Как мы не слышали раньше! Отовсюду – места нельзя было точно определить – приносился ровный, поскребывающий стон, удивительно спокойный в своей широте и даже как будто равнодушный. Мы слыша– ли много и криков и стонов, но это не было похоже ни на что из слышанного. На смутной красноватой поверхности глаз не мог уловить ничего, и оттого казалось, что это стонет сама земля или небо, озаренное невсходящим солнцем.
– Пятая верста, – сказал машинист.
– Это оттуда, – показал доктор рукой вперед.
Студент вздрогнул и медленно обернулся к нам:
– Что же это? Ведь этого же нельзя слышать!
– Двигаемся!
Мы пошли пешком впереди паровоза, и от нас на полотно легла сплошная длинная тень, и была она не черная, а смутно-красная от того тихого, неподвижного света, который молчаливо стоял в разных концах черного неба. И с каждым нашим шагом зловеще нарастал этот дикий, неслыханный стон, не имевший видимого источника, – как будто стонал красный воздух, как будто стонали земля и небо. В своей непрерывности и странном равнодушии он напоминал минутами трещание кузнечиков на лугу – ровное и жаркое трещание кузнечиков на летнем лугу. И все чаще и чаще стали встречаться трупы. Мы бегло осматривали их, сбрасывали с полотна – эти равнодушные, спокойные, вялые трупы, оставлявшие на месте лежания своего темные маслянистые пятна всосавшейся крови, и сперва считали их, а потом сбились и перестали. Было их много – слишком много для этой зловещей ночи, дышавшей холодом и стонавшей каждою частицею своего существа.
– Что же это! – кричал доктор и грозил кому-то кулаком. – Вы – слушайте…

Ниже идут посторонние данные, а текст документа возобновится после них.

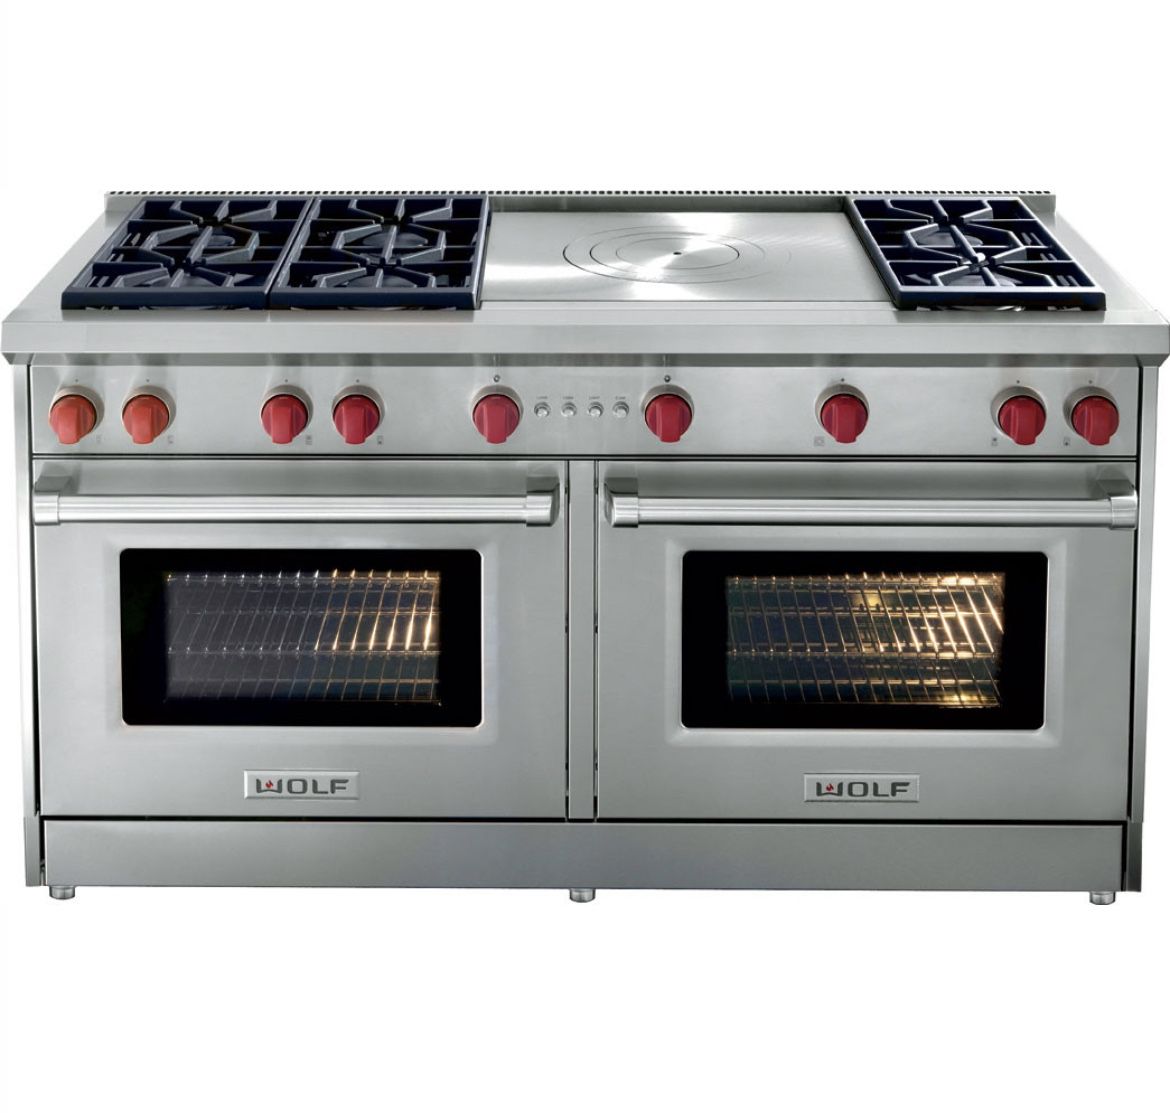 Wolf 60” Gas Range Brand new In Package

Приближалась шестая верста, и стоны делались определеннее, резче, и уже чувствовались перекошенные рты, издающие эти голоса. Мы трепетно всматривались в розовую мглу, обманчивую в своем призрачном свете, когда почти рядом, у полотна, внизу кто-то громко застонал призывным, плачущим стоном. Мы сейчас же нашли его, этого раненого, у которого на лице были одни только глаза – так велики показались они, когда на лицо его пал свет фонаря. Он перестал стонать и только поочередно переводил глаза на каждого из нас и на наши фонари, и в его взгляде была безумная радость оттого, что он видит людей и огни, и безумный страх, что сейчас все это исчезнет, как видение. Быть может, ему уже не раз грезились наклонившиеся люди с фонарями и исчезали в кровавом и смутном кошмаре.

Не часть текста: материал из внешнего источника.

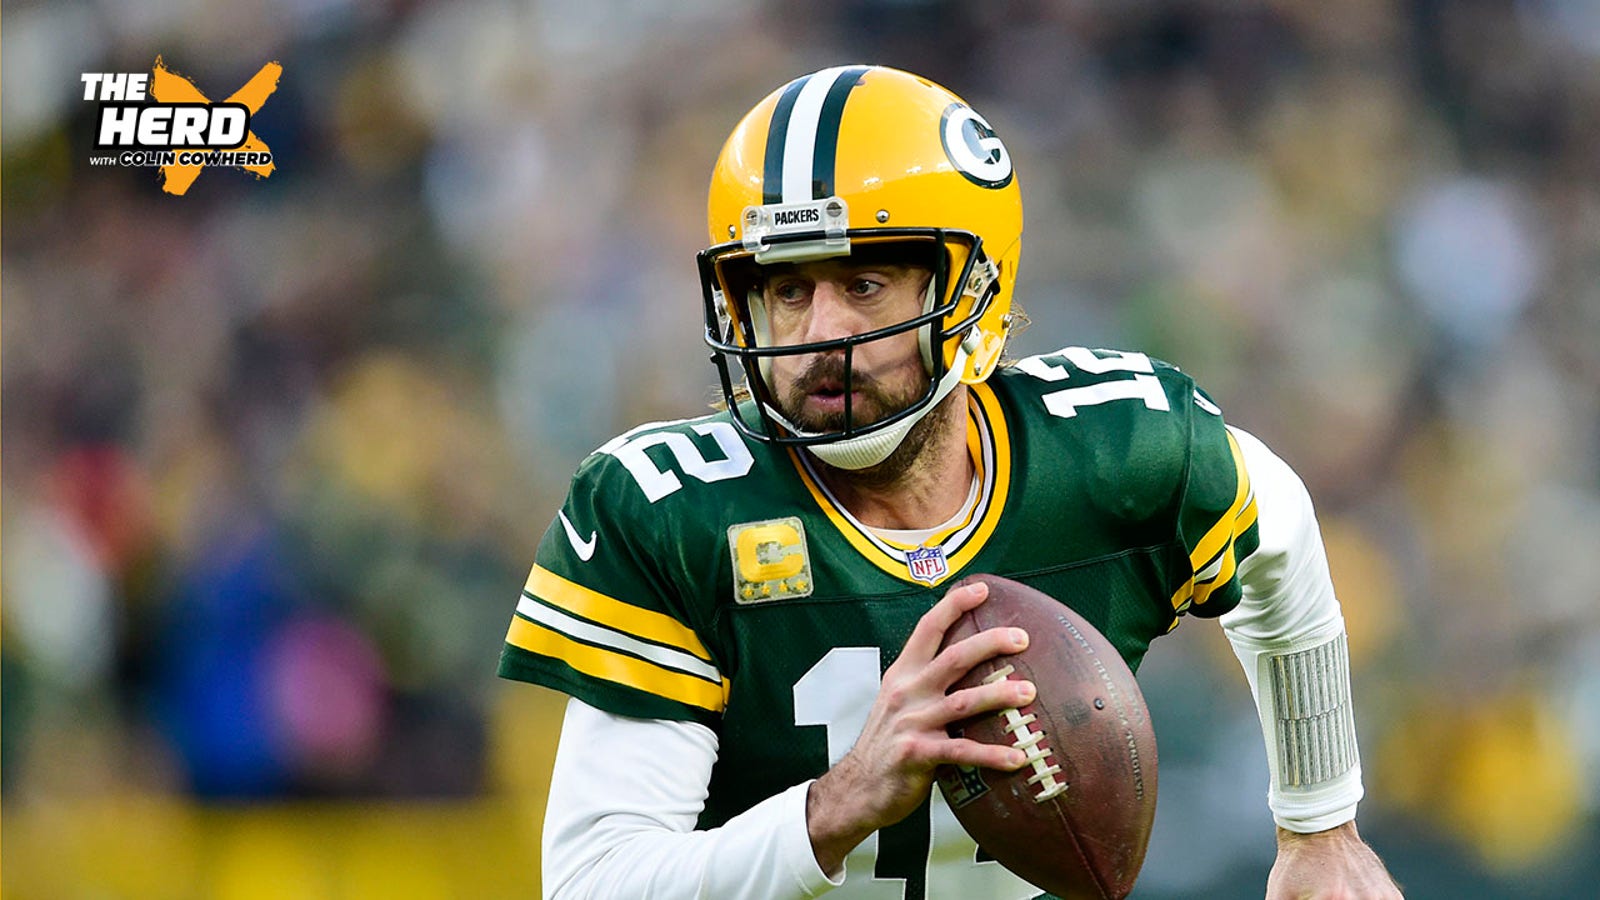 Aaron Rodgers says he has no decision on his future in Green Bay

Мы тронулись дальше и почти тотчас наткнулись на двух раненых; один лежал на полотне, другой стонал в канаве. Когда их подбирали, доктор, дрожа от злости, сказал мне:
– Ну что? – И отвернулся.
Через несколько шагов мы встретили легкораненого, который шел сам, поддерживая одну руку другой. Он двигался, закинув голову, прямо на нас и точно не заметил, когда мы расступились, давая ему дорогу. Кажется, он не видал нас. У паровоза он на миг остановился, обогнул его и пошел вдоль вагонов.
– Ты бы сел! – крикнул доктор, но он не ответил.
Это были первые, ужаснувшие нас. А потом все чаще они стали попадаться на полотне и около него, и все поле, залитое неподвижным красным отсветом пожаров, закопошилось, точно живое, загорелось громкими криками, воплями, проклятиями и стонами. Эти темные бугорки копошились и ползали, как сонные раки, выпущенные из корзины, раскоряченные, странные, едва ли похожие на людей в своих оборванных, смутных движениях и тяжелой неподвижности. Одни были безгласны и послушны, другие стонали, выли, ругались и ненавидели нас, спасавших их, так страстно, как будто мы создали и эту кровавую равнодушную ночь, и одиночество их среди ночи и трупов, и эти страшные раны. Уже не хватало места в вагонах, и вся одежда наша стала мокра от крови, как будто долго стояли мы под кровавым дождем, а раненых все несли, и все так же дико копошилось ожившее поле. Некоторые подползали сами, иные подходили, шатаясь и падая. Один солдат почти подбежал к нам. У него было размозжено лицо, и остался один только глаз, горевший дико и страшно, и был он почти голый, как из бани. Толкнув меня, он нащупал глазом доктора и быстро левою рукою схватил его за грудь.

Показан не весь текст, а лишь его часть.